===== Supplied material
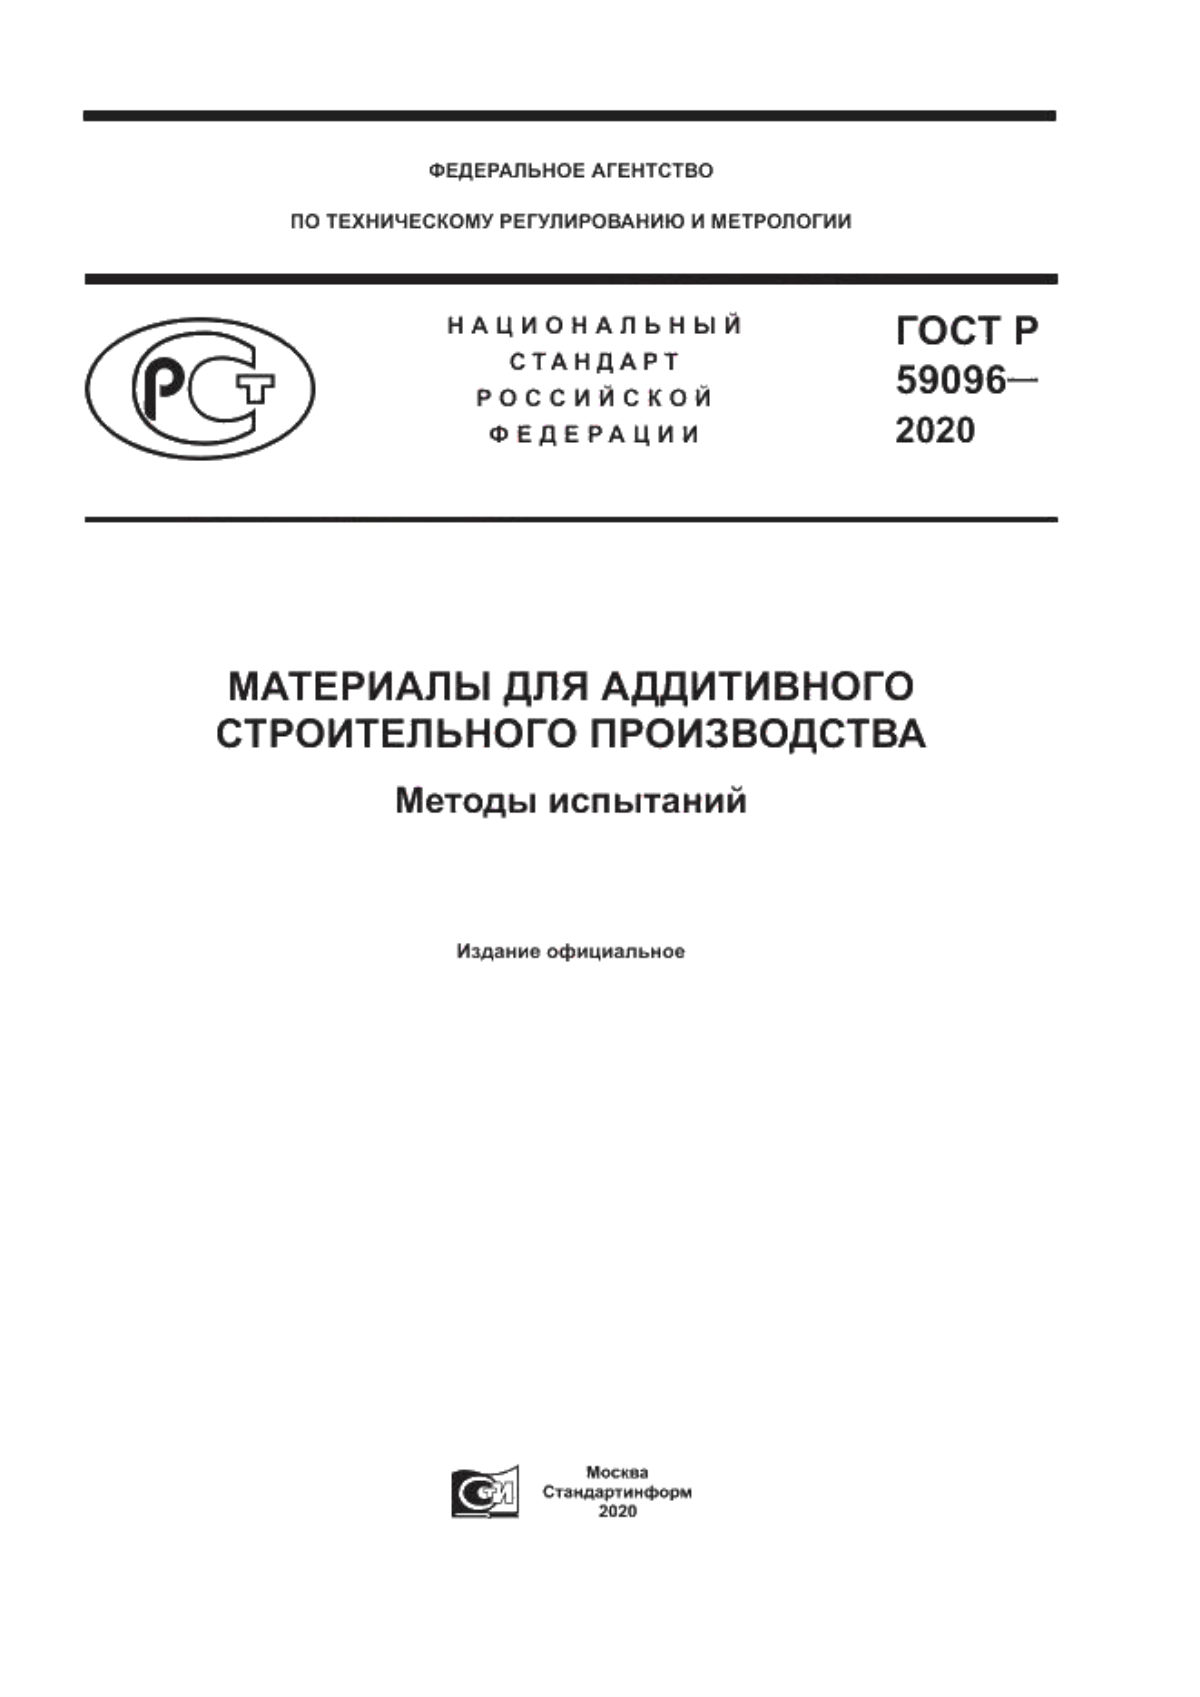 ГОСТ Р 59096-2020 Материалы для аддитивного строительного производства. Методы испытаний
==========
===== Supplied material
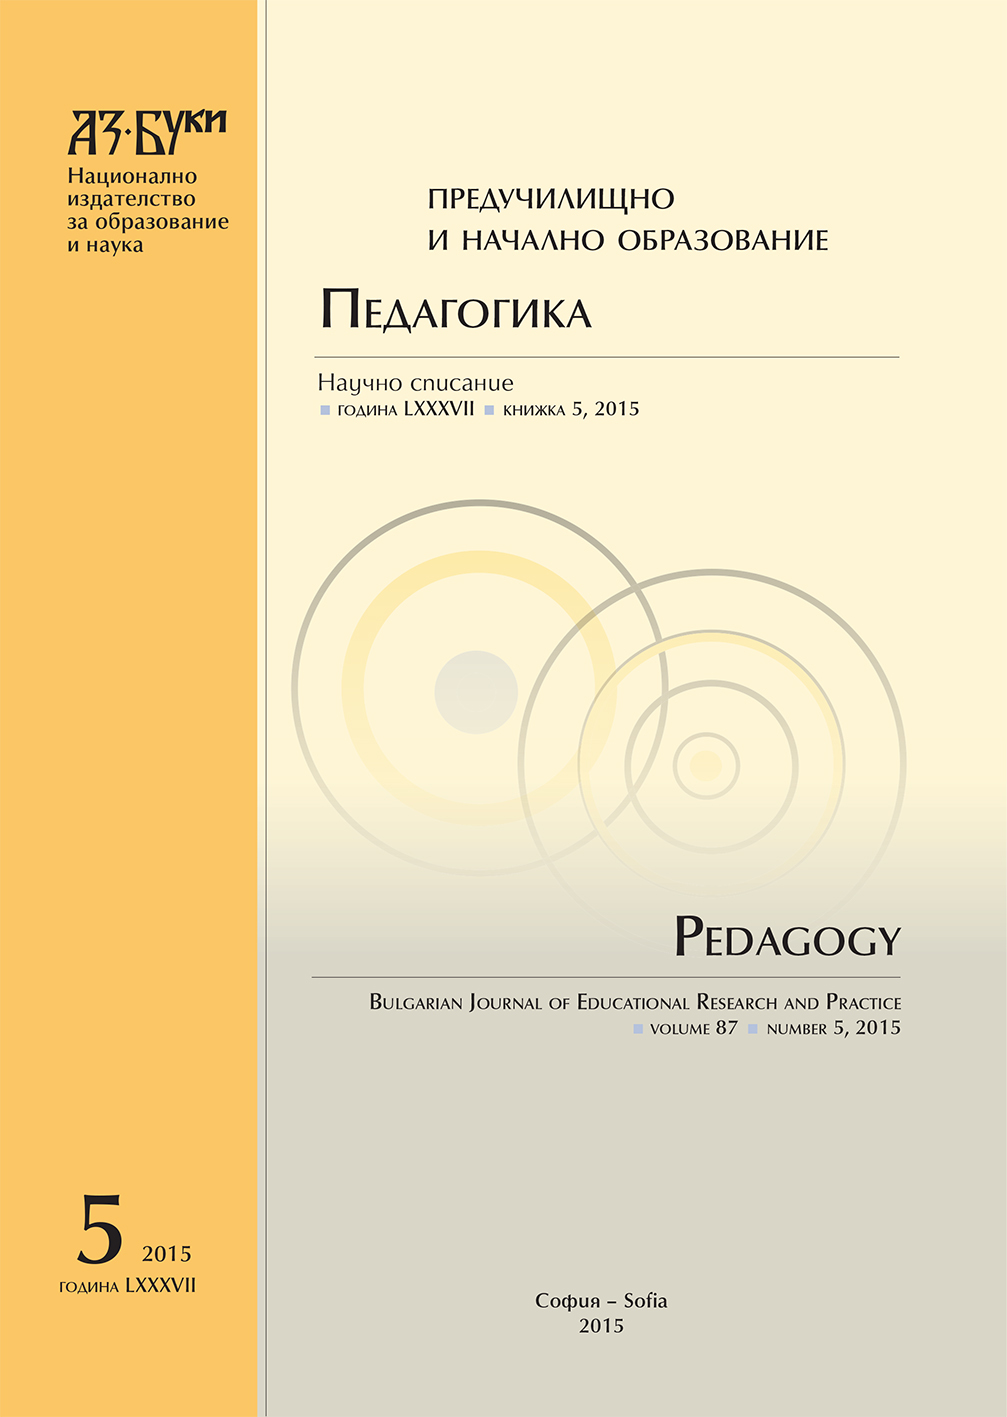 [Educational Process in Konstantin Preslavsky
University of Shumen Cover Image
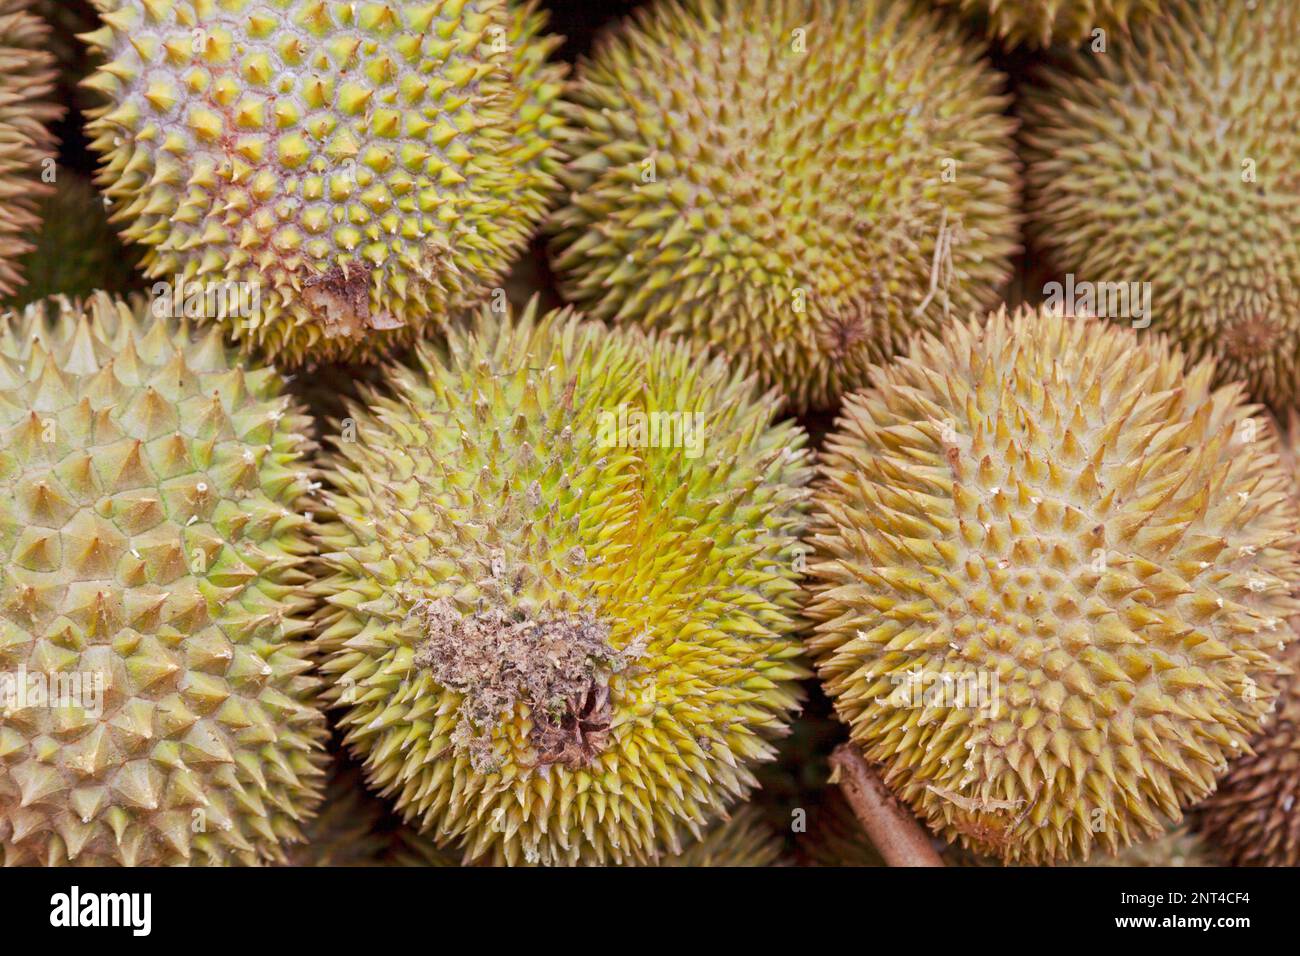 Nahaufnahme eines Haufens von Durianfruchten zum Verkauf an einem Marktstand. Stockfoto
==========
Instructions for the task |
Every line above from the one with "University of Shumen Cover Image" down to the one with "Nahaufnahme eines Haufens" must be written out exactly, and no picture may appear.

Written answer |
University of Shumen Cover Image
 Nahaufnahme eines Haufens von Durianfruchten zum Verkauf an einem Marktstand. Stockfoto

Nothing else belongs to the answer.